I laughed at the many advertisements for the shops. Mary wanted to take the tram ($2.00 USD) up a high hill for a fantastic view of the town. Whoever had given her information about it said the entrance was up the hill. Which hill? “Are you sure she meant this hill.” I hated wasting my time. On and on we trudged. No tram entrance. The hill levelled out; we accosted a couple coming toward us, who did not give specific directions but pointed down the hill. We stopped at one of the shops, then asked another passerby. Back to the tourist-filled sidewalk, we meandered through the same shops for the third time.
“There it is.” Mary had the look of someone who knew where she was going all along. A family of five joined us. Maybe because the Cape Fox Hill Tram happened to be red, I immediately thought of Dr. Who and his telephone booth. The buttons for operation are the same as you find in an elevator. The over 200-foot incline took about minute before we stopped more than 100 feet above the harbour.
We had no idea what we’d find at the top. Straight ahead double doors enticed us into a lobby, which appeared to be a hotel. Fantastic seating with deep sofas and chairs faced a working gas fireplace and a switched on flat screen. Out the back door were gardens and more totem poles.

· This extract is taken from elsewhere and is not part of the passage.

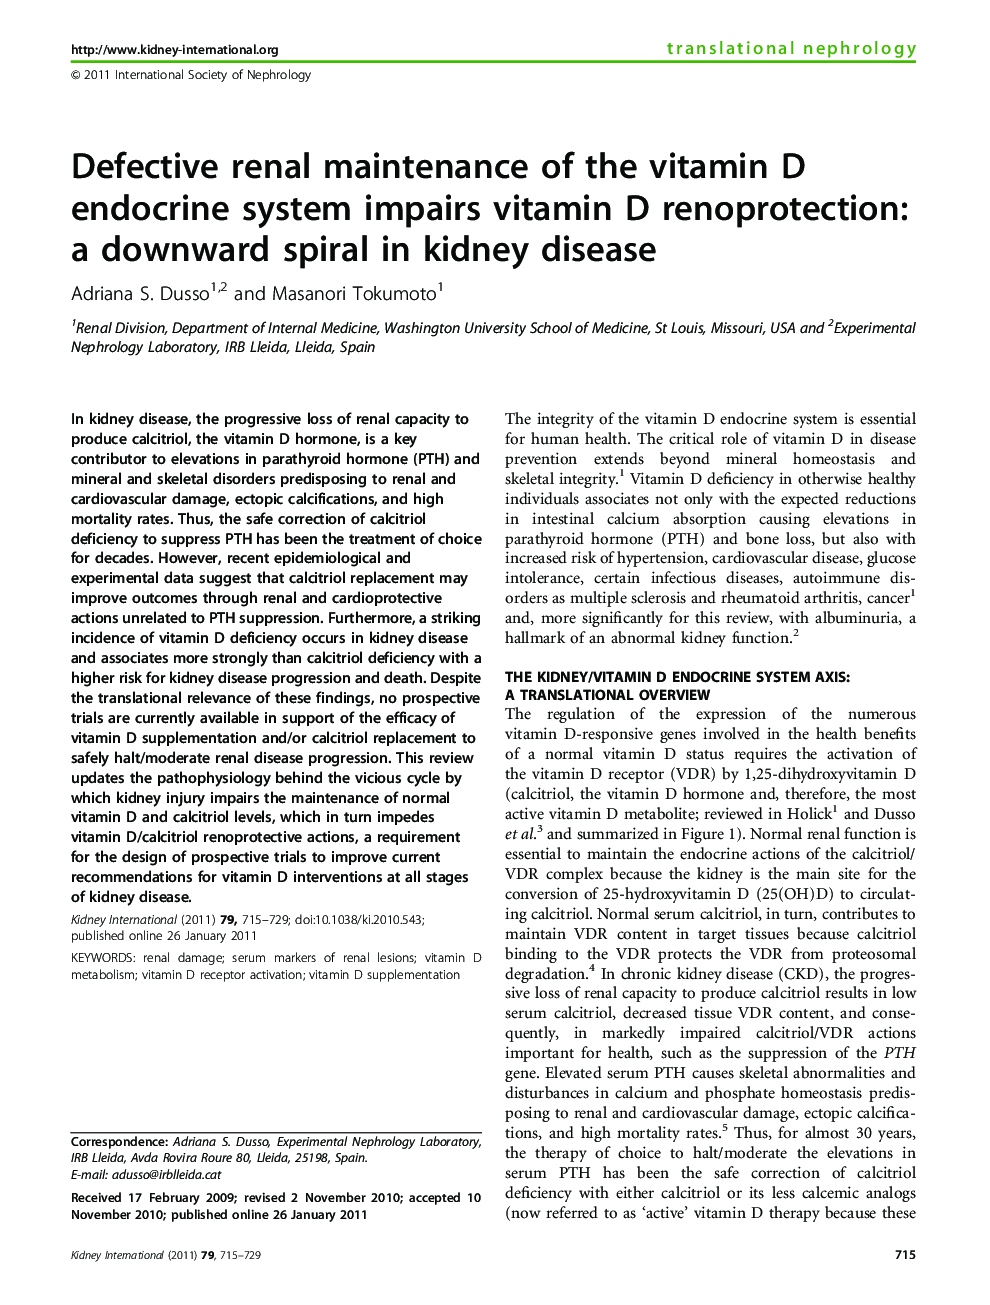 Defective renal maintenance of the vitamin D endocrine system impairs vitamin D renoprotection: a downward spiral in kidney disease

On the other side of the lobby, magnetic food smells and brewing coffee drew us in. The best seats by the windows overlooking Ketchikan were taken, but though almost noon, the restaurant was not busy. I felt invisible as no server approached our table until Mary lassoed a waitress for the Wi-Fi password. I only wanted a simple coffee. Not Mary, who perused the menu; muffins took her fancy. When a waiter finally stopped by, he said they had none.

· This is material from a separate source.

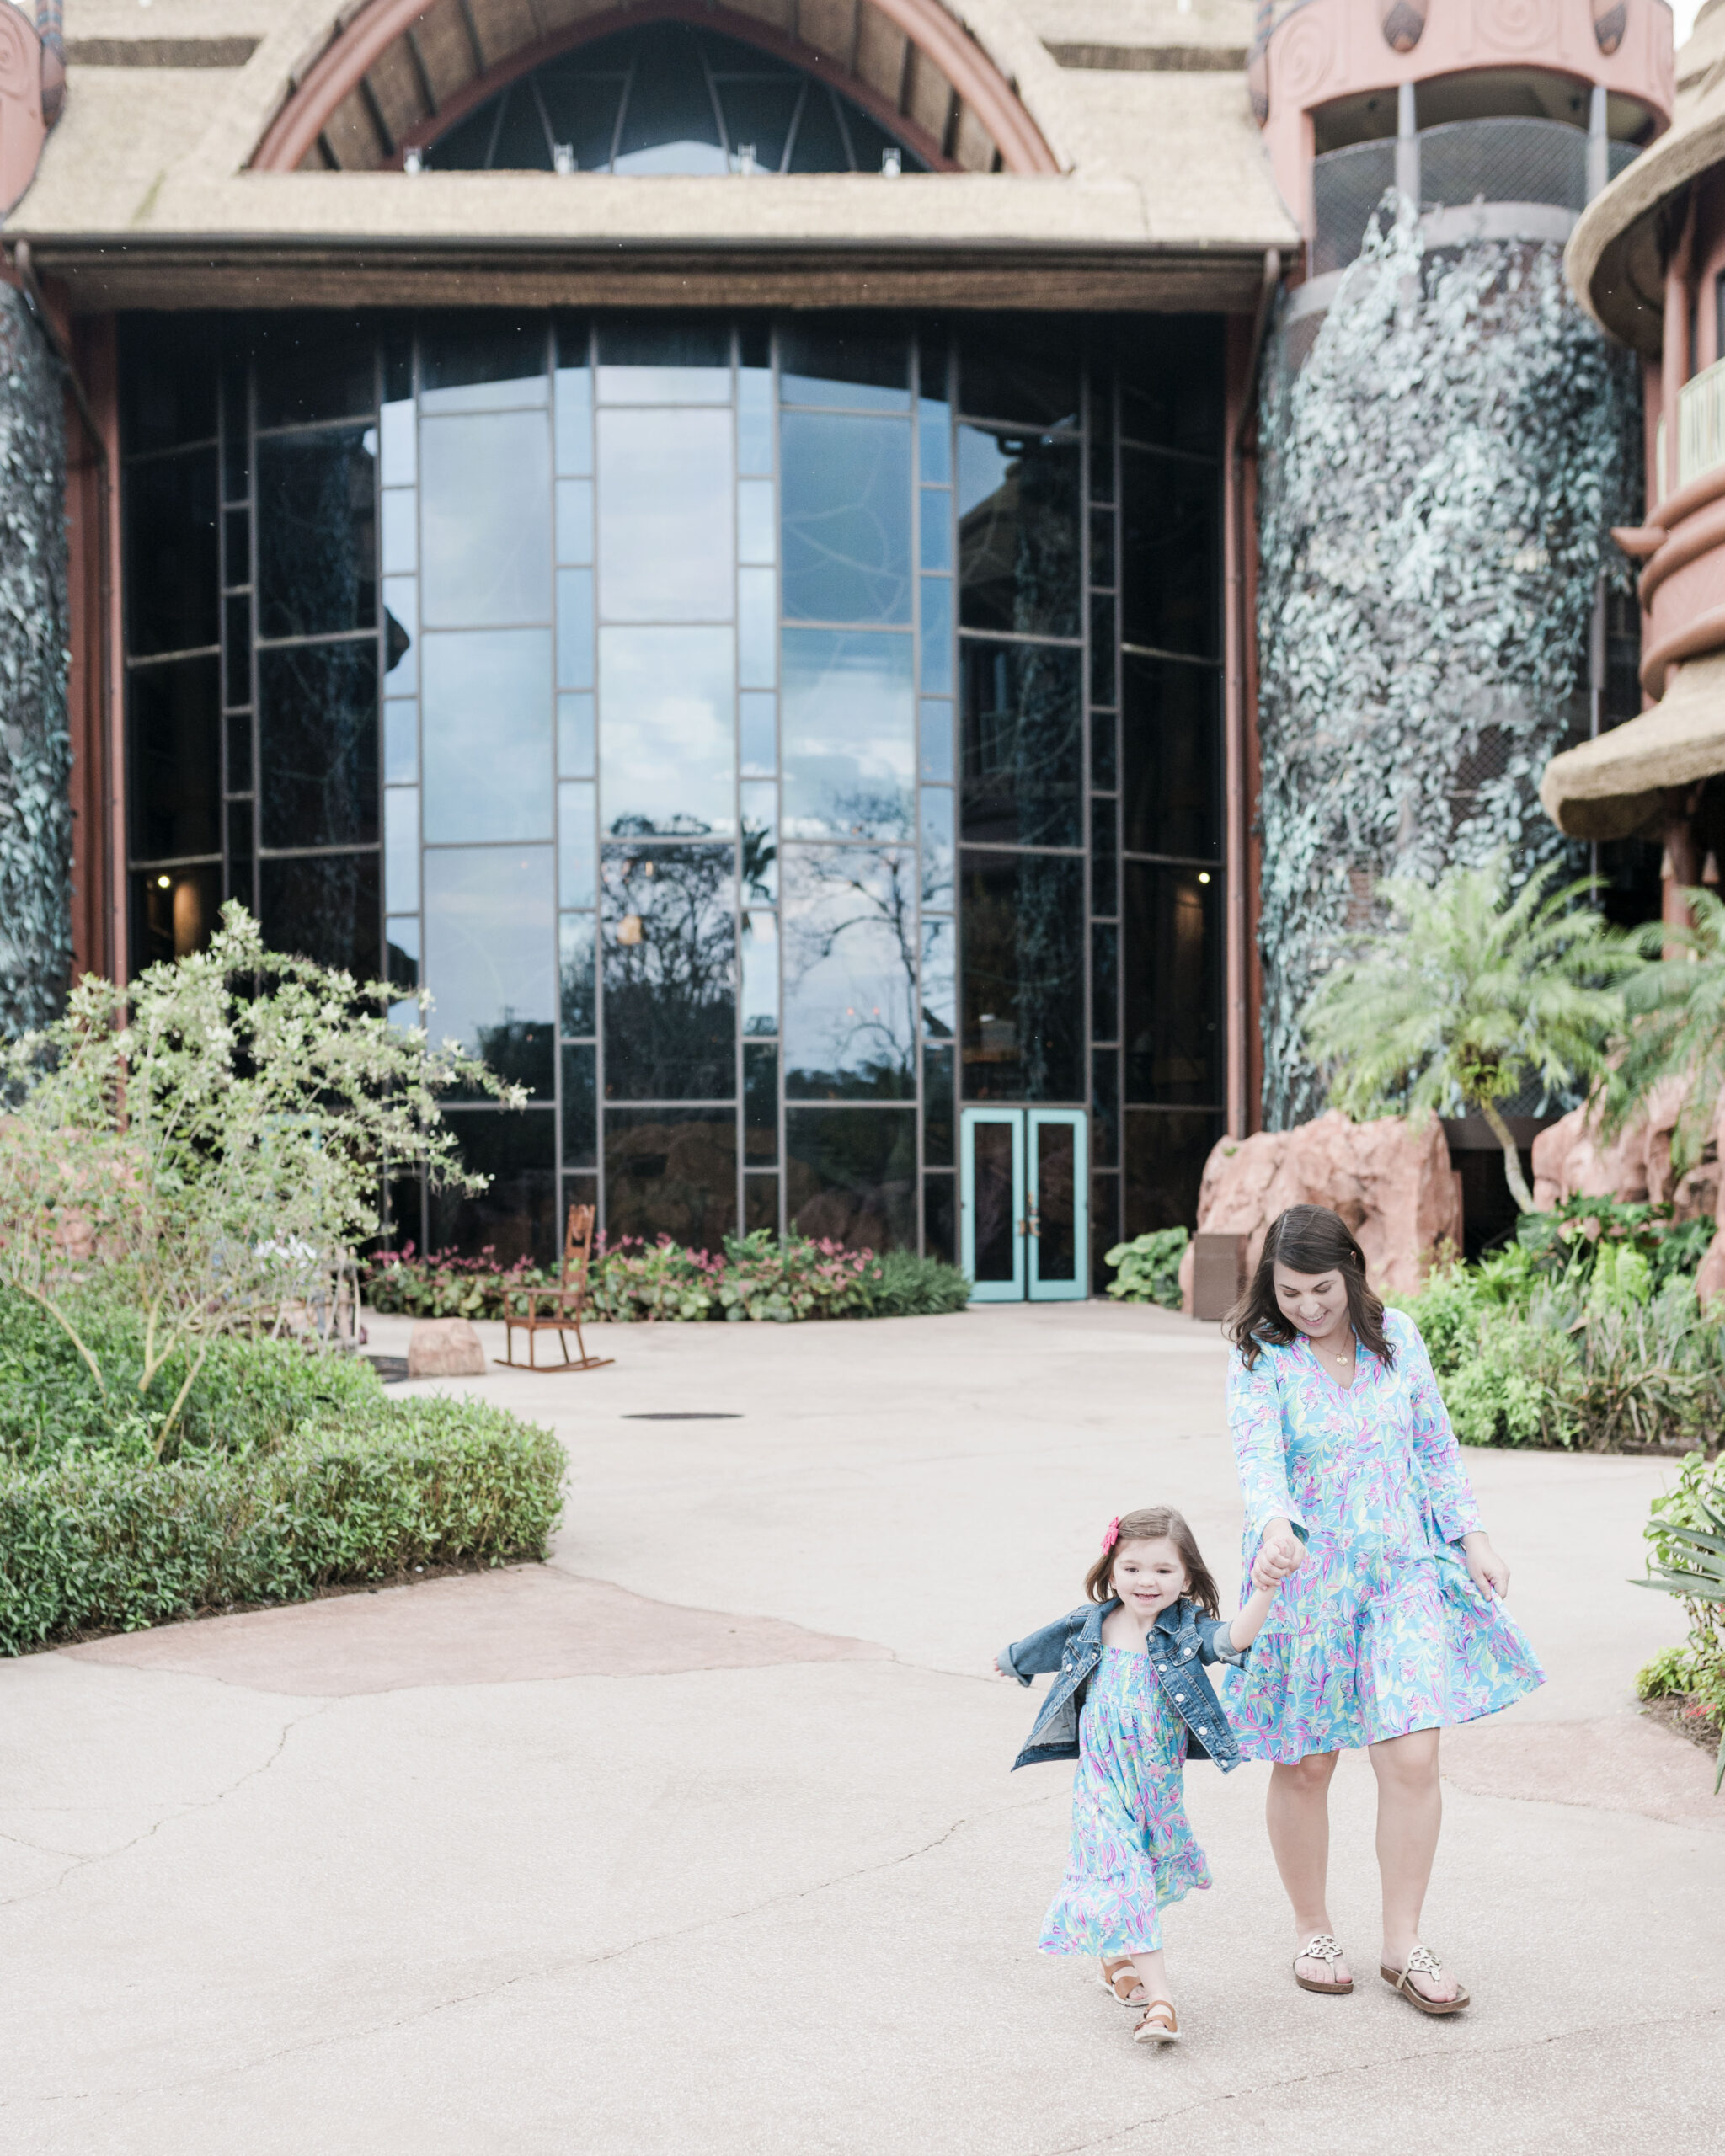 mother and daughter holding hands in matching dresses walking toward camera, animal king lodge in background dvc rentals

“But they’re on the menu. What kind do you have?”
“I’ll check.” He disappeared. We waited and waited. We waited some more and grabbed a waitress, asking after our server. Mary’s blueberry muffin finally arrived. It wasn’t oven-warm so we decided it hadn’t just been baked because service had taken so long and we’d been told they had none.
We caught up on email, ate, drank and left money for the food and left. Who has all day to wait for service?

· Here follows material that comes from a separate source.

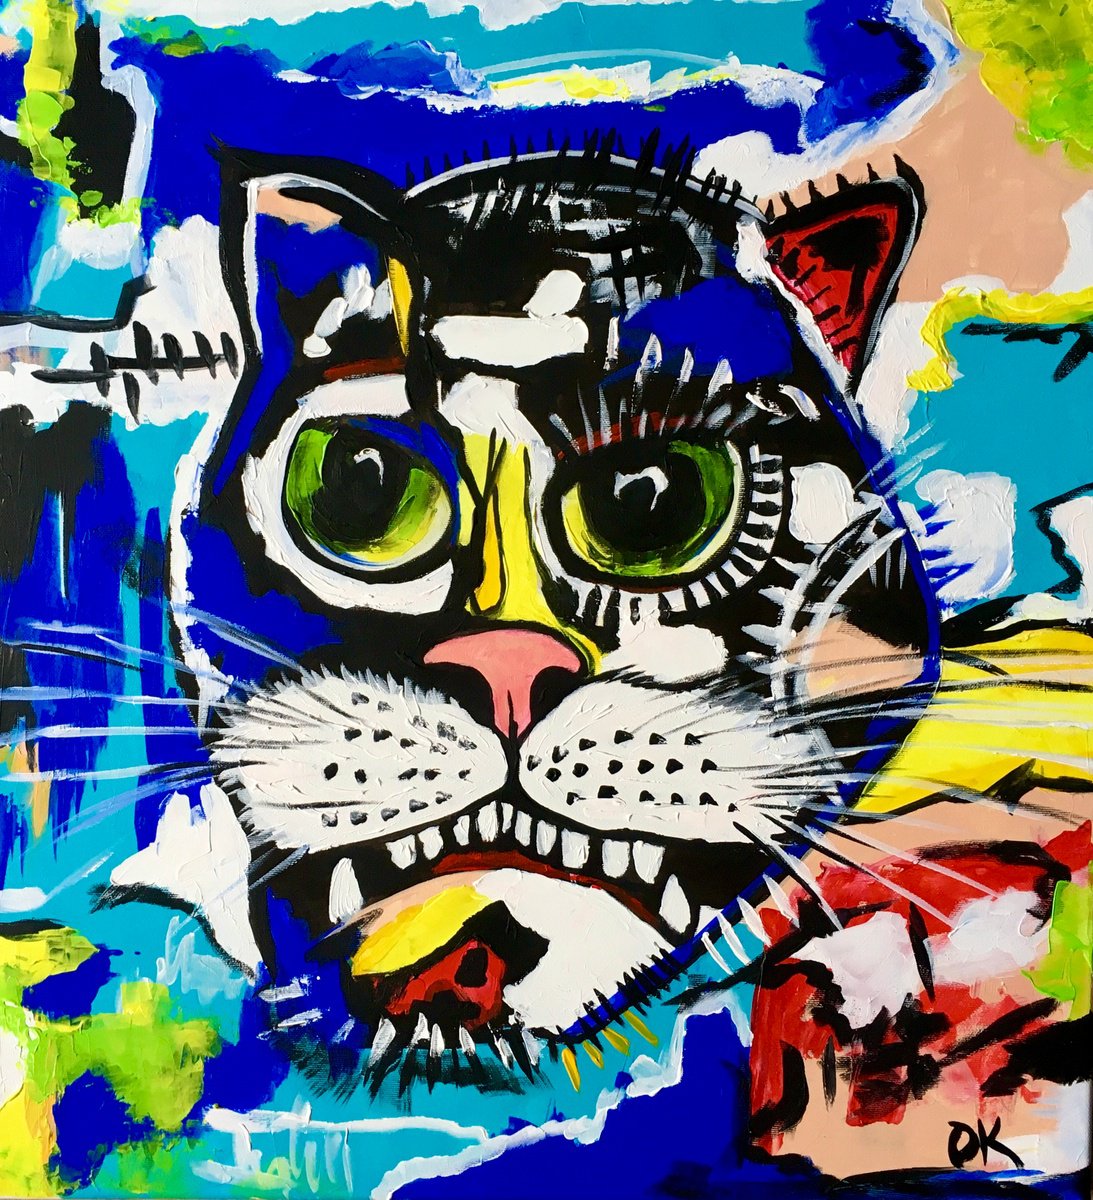 UNTITLED cat #3 version of famous painting by Jean-Michel Basquiat. by Olga Koval

Traipsing back to Creek Street and the many quaint shops, I no longer found them appealing and voted for a return to the ship for a proper, if late, lunch.
The day finished with an enjoyable viewing of LaLa Land in the ship’s theatre. Prior to seeing the movie, I’d heard there were opposing camps regarding this production: those who love it and those who do not. I loved it. Popcorn arrived late once again, during the latter part of the movie and we were drawn to pinch a bag each on the way to our room. One last look outside confirmed we had missed the sunset again. The skyline appeared bruised in shades of purple, pink, orange, and yellow.